On Thursday 08 May 2014 17:13:15 Antonio Quartulli wrote:
From: Antonio Quartulli antonio@open-mesh.com
When a VLAN interface (on top of batX) is removed and re-added within a short timeframe TT does not have enough time to properly cleanup. This creates an internal TT state mismatch as the newly created softif_vlan will be initialized from scratch with a TT client count of zero (even if TT entries for this VLAN still exist).
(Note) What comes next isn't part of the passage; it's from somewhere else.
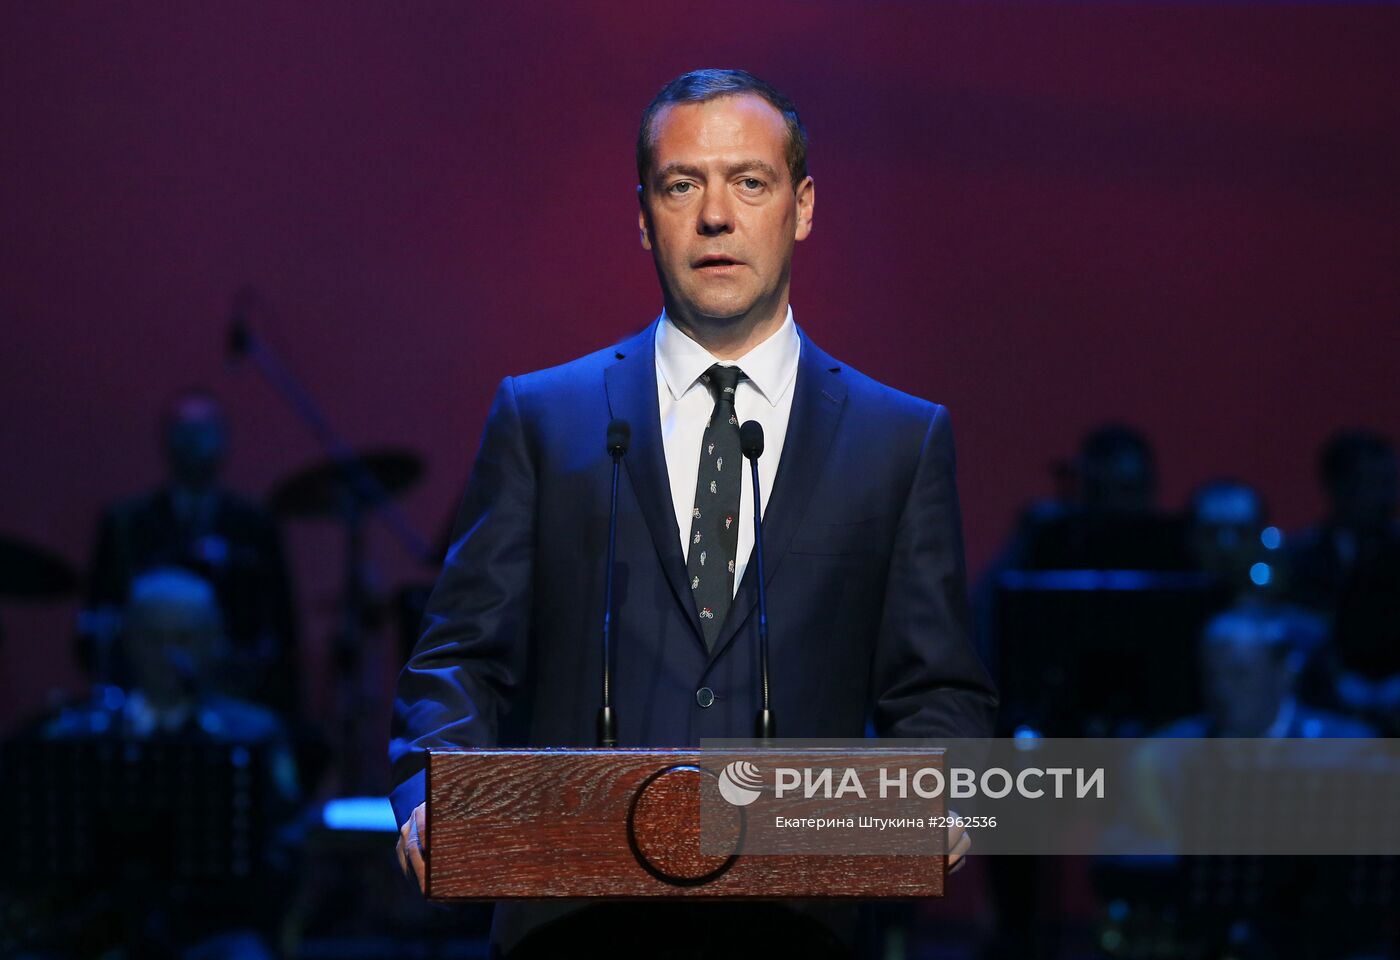 Премьер-министр РФ Д. Медведев принял участие в мероприятии в честь 25-летия ФТС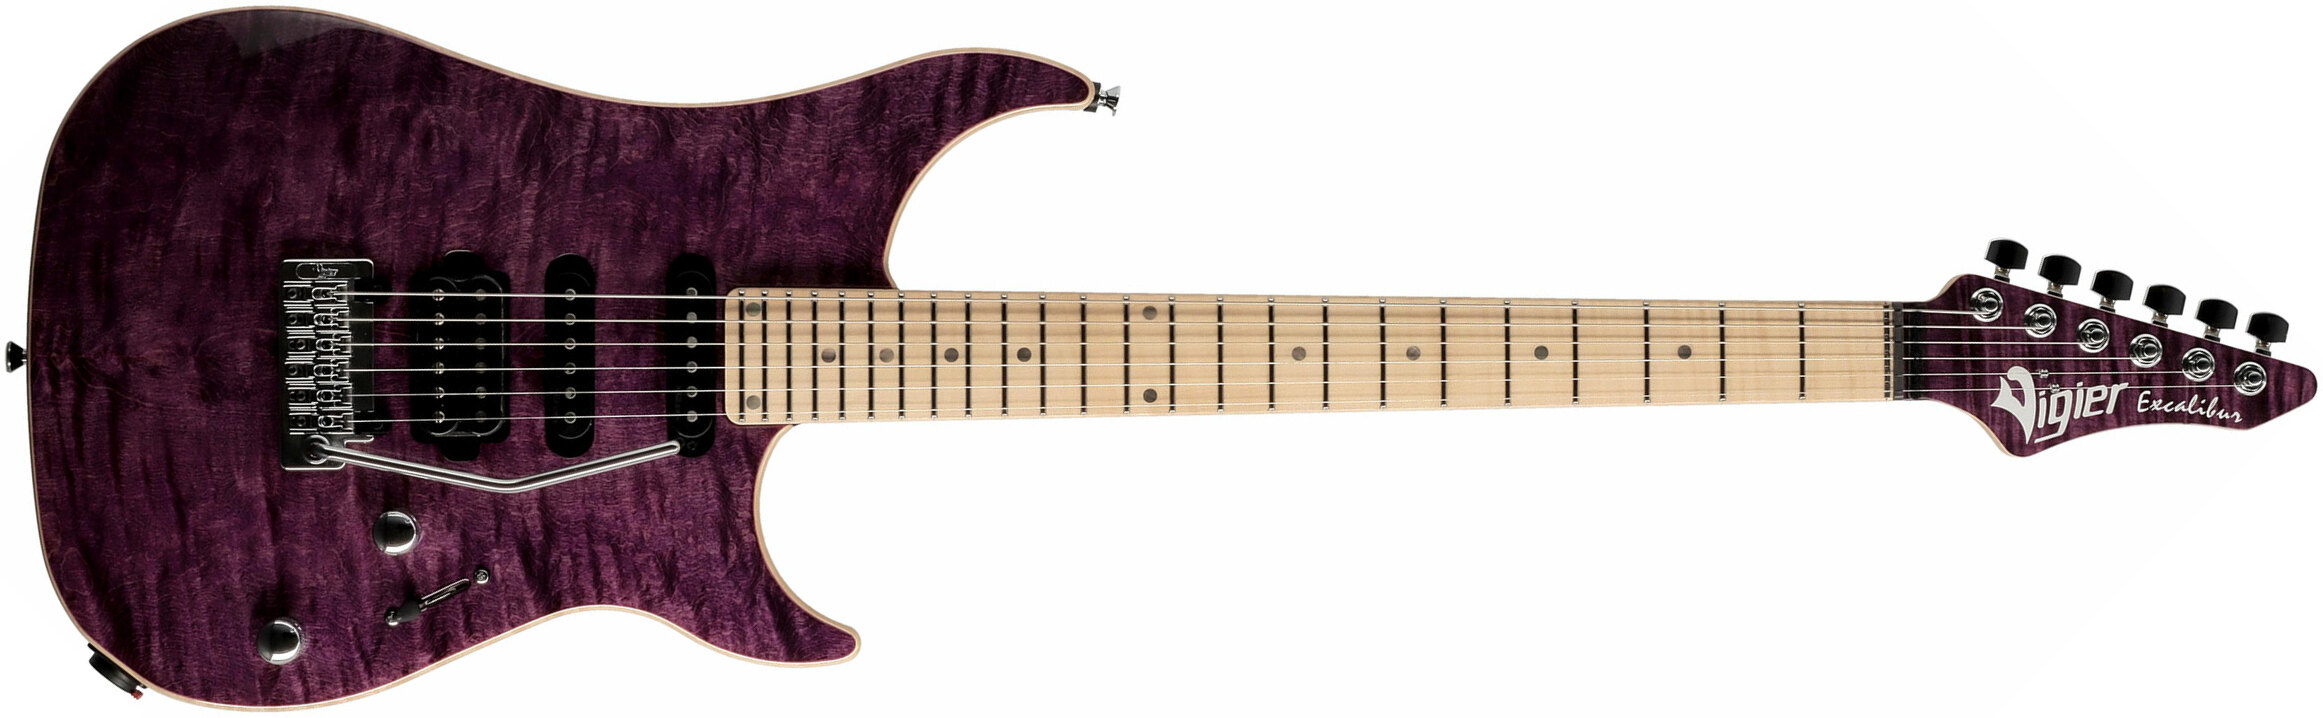 Vigier Excalibur Ultra Blues Hss Trem Mn - Amethyst Purple - Guitarra eléctrica con forma de str. - Main picture

The resulting TT messages are bogus due to the counter / tt client listing mismatch, thus creating inconsistencies on every node in the network
To fix this issue destroy_vlan() has to not free the VLAN object immediately but it has to be kept alive until all the TT entries for this VLAN have been removed. destroy_vlan() still removes the sysfs folder so that the user has the feeling that everything went fine.
If the same VLAN is re-added before the old object is free'd, then the latter is resurrected and re-used.
Implement such behaviour by increasing the reference counter of a softif_vlan object every time a new local TT entry for such VLAN is created and remove the object from the list only when all the TT entries have been destroyed.
Signed-off-by: Antonio Quartulli antonio@open-mesh.com
Changes since v4:
- improved code in add_vid()
- don't leak TT entries in case of vlan re-add failure
Changes since v3:
- always re-add NO_PURGE local entry on add_vid()
Changes since v2:
- remove cleanup_work member that is not needed anymore in this approach
- reword commit subject
- reword commit message (Thanks Marek!)
Changes since v1:
- destroy and create vlan sysfs folder within softif_vlan_destroy/create()
to avoid lock troubles with soft-interface destruction and delayed jobs.
soft-interface.c | 60 ++++++++++++++++++++++++++++++++++++++++------------- translation-table.c | 26 +++++++++++++++++++++++ types.h | 2 ++ 3 files changed, 74 insertions(+), 14 deletions(-)
Applied in revision 9729d20.
Thanks, Marek